The need for a program like the MDP in Durham County was well articulated by county stakeholders and participants who participated in the process evaluation. All stakeholders feel that people—youth in particular—do not need to be arrested and deserve “a second chance,” as some put it, if they do not pose a threat to public safety. Members of local law enforcement also believe the program has been useful and impactful. However, many local stakeholders believe that the community still needs more prearrest diversion opportunities whenever possible.

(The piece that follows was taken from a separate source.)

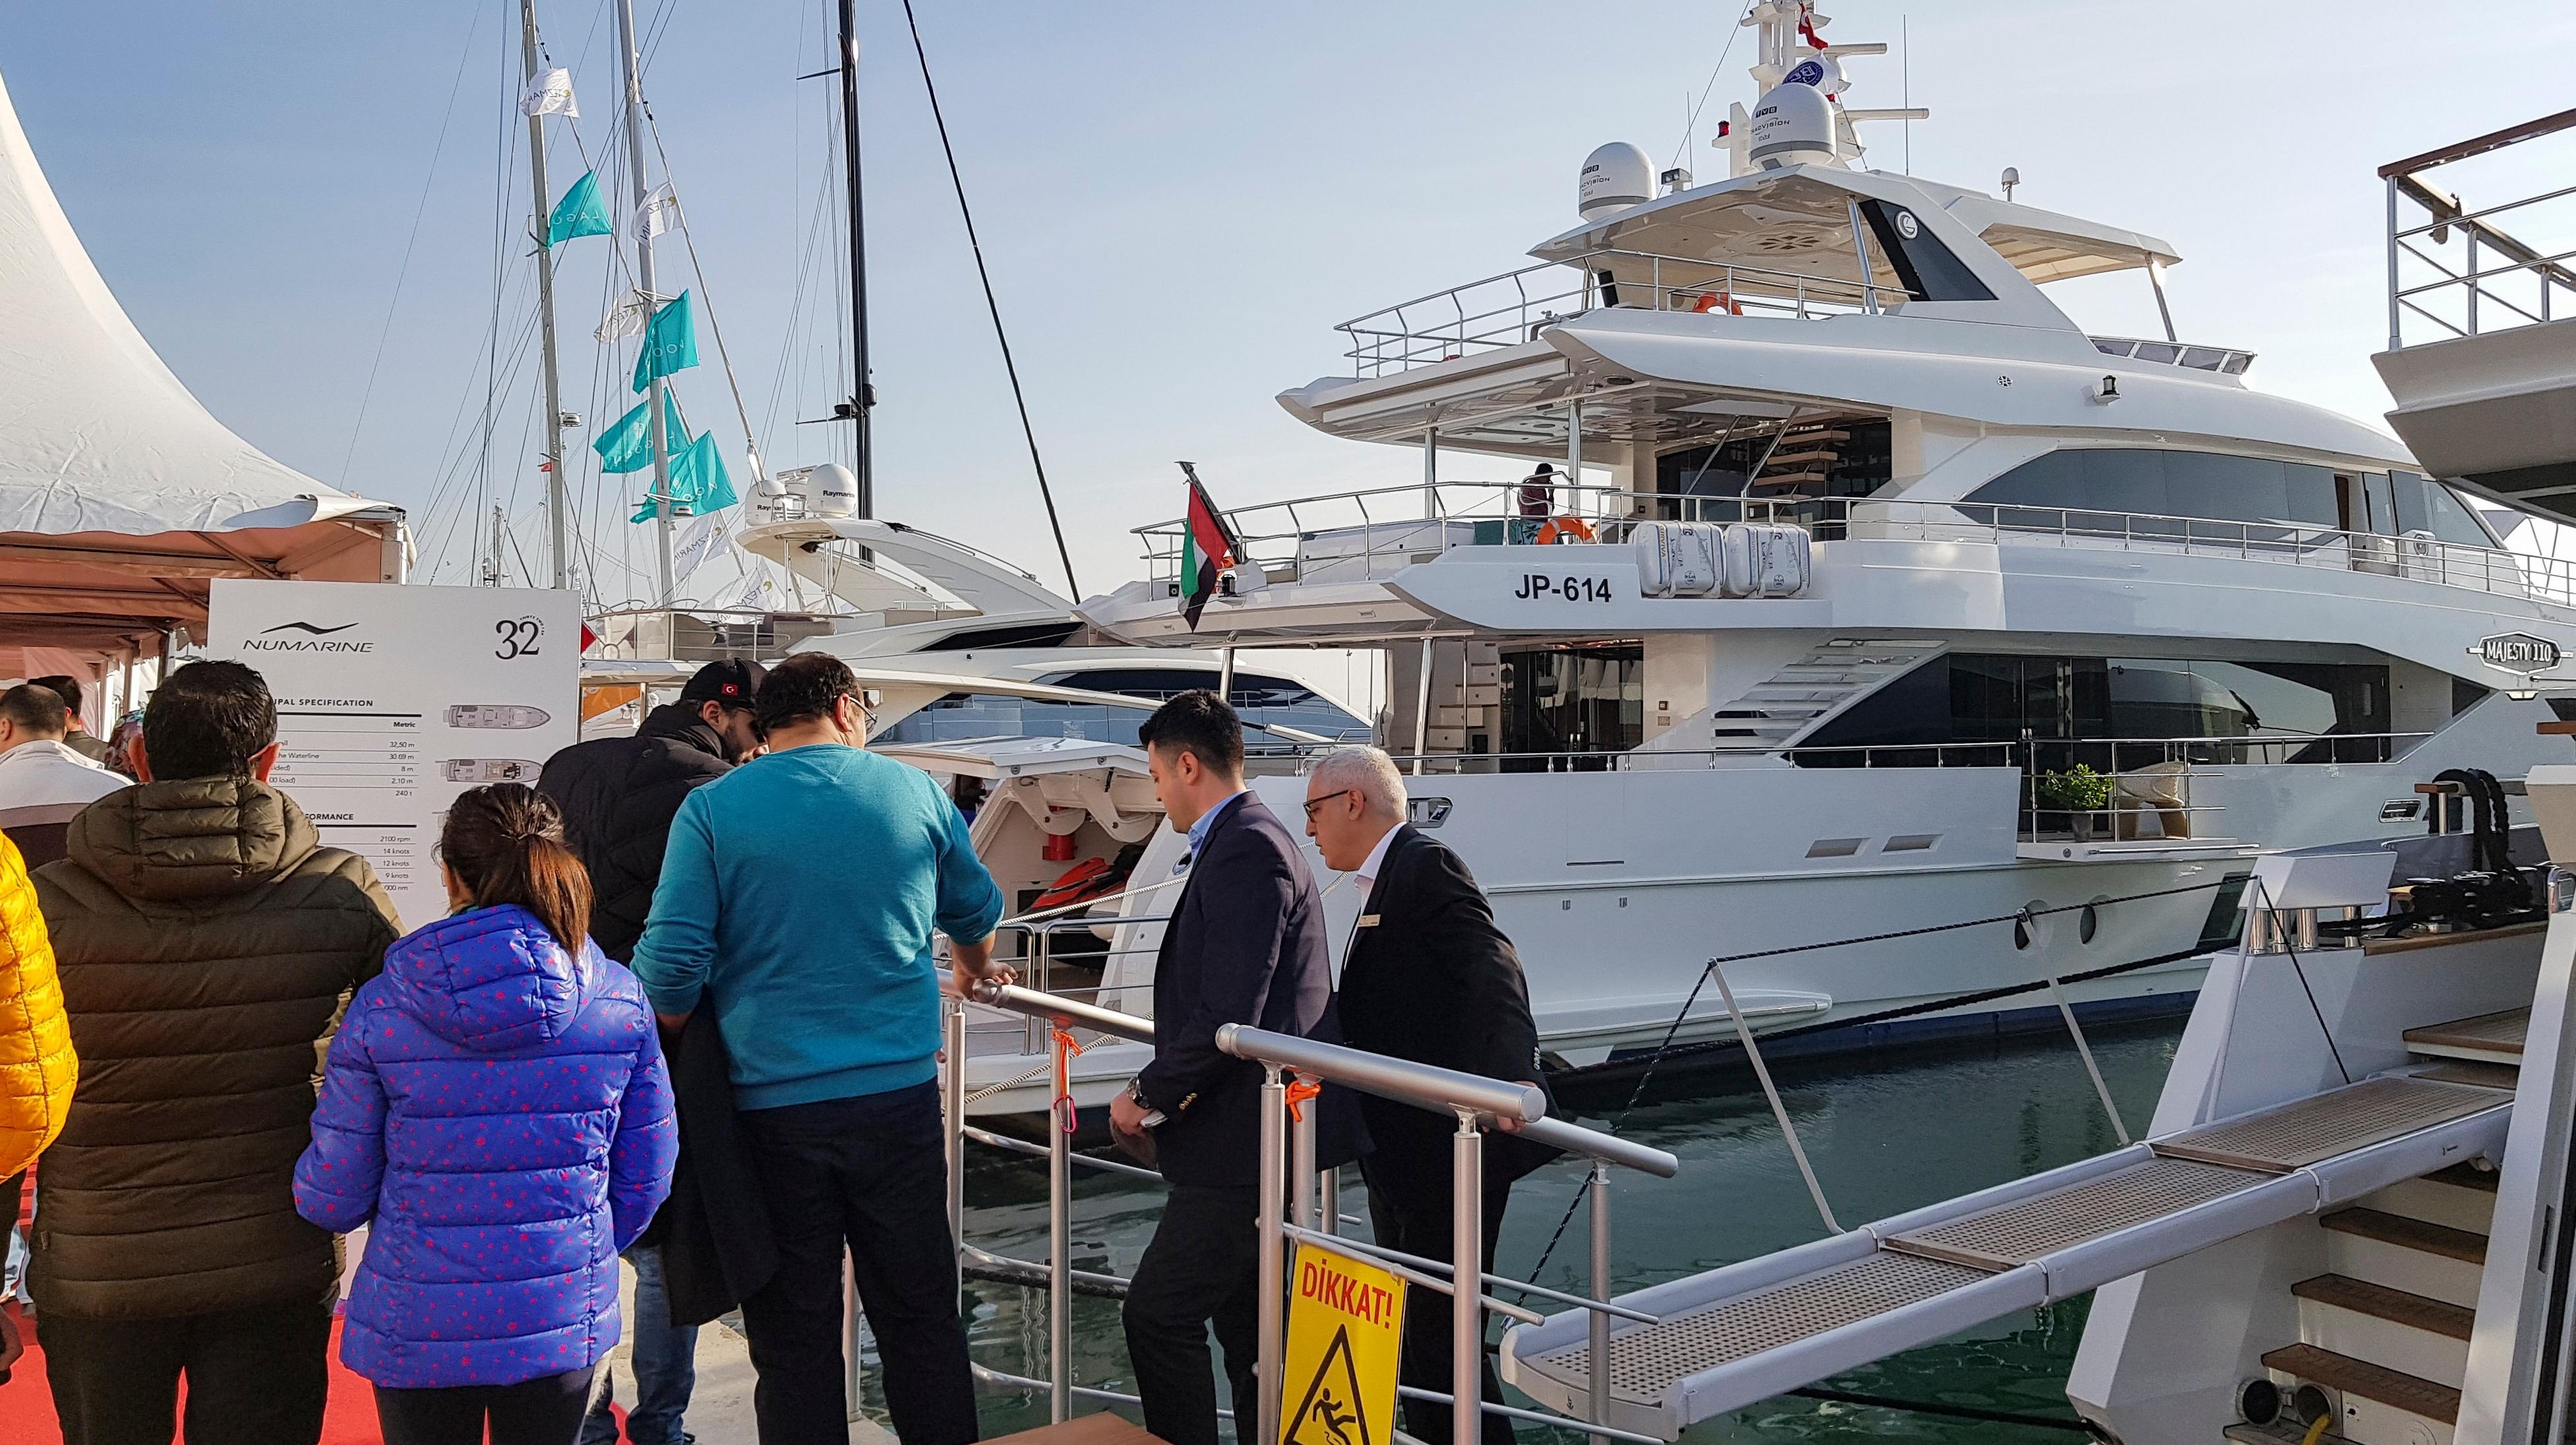 Gulf Craft at Tuzla Boat Show 2018 (6).jpg

The program is cost effective and began with a grant, but it is now part of the county’s regular budget, demonstrating that it is replicable in other jurisdictions, with the right support and buy-in from local authorities.

Racial equity was also discussed during the conception of the program—given the disproportionate numbers of Black people in the county’s jail. Around three quarters of participants in the diversion program have been people of color.

Through interviews, we found that community stakeholders and program participants believe the MDP is impactful, particularly in that it diverts people from being charged with a crime and entering the justice system. Interviewees also generally believe the program was deeply needed in Durham County because too many people were being unnecessarily arrested and incarcerated.

Our process evaluation yielded four key takeaways for jurisdictions interested in replicating the MDP. First, buy-in from law enforcement is critical because it is needed to start the diversion process. Second, support from local leaders, such as elected officials, will help develop local law enforcement buy-in and support. Third, qualified program staff with deep community connections are essential. And fourth, a philosophy of keeping people out of the justice system altogether will lead to increased participant satisfaction and reduce collateral consequences associated with any justice involvement.

None of the interviewed stakeholders expressed resistance to the program, but several noted that when it was being developed, there was notable resistance from law enforcement agencies and law enforcement associations. Most of that resistance involved concern among local law enforcement officers that the program could take away their ability to determine whether an arrest could be made in certain situations, an ongoing concern during the early years of program implementation. In addition, numerous officers believed this type of program would infringe on their ability to perform their duty and would override their power to use discretion. Over time—through trainings, interactions with the program staff and participants, and changes in law enforcement leadership—law enforcement agencies generally became more supportive of the program.

Several stakeholders strongly support the program but believe it does not “do enough” (in the words of one interviewee) to reduce countywide arrests and incarceration. They want it to expand eligibility requirements to include more offenses, including additional misdemeanor charges and some felony charges. Simply put, many stakeholders feel the program has positively impacted participants but that too few people have been able to participate, leaving more people involved in the local justice system than necessary.

Some stakeholders criticized the program for making eligibility requirements too restrictive and not allowing enough access the program, which they consider essential to diverting people from the criminal justice system pre-charge. Many interviewees believe other communities would benefit from implementing similar programs to divert people from the justice system.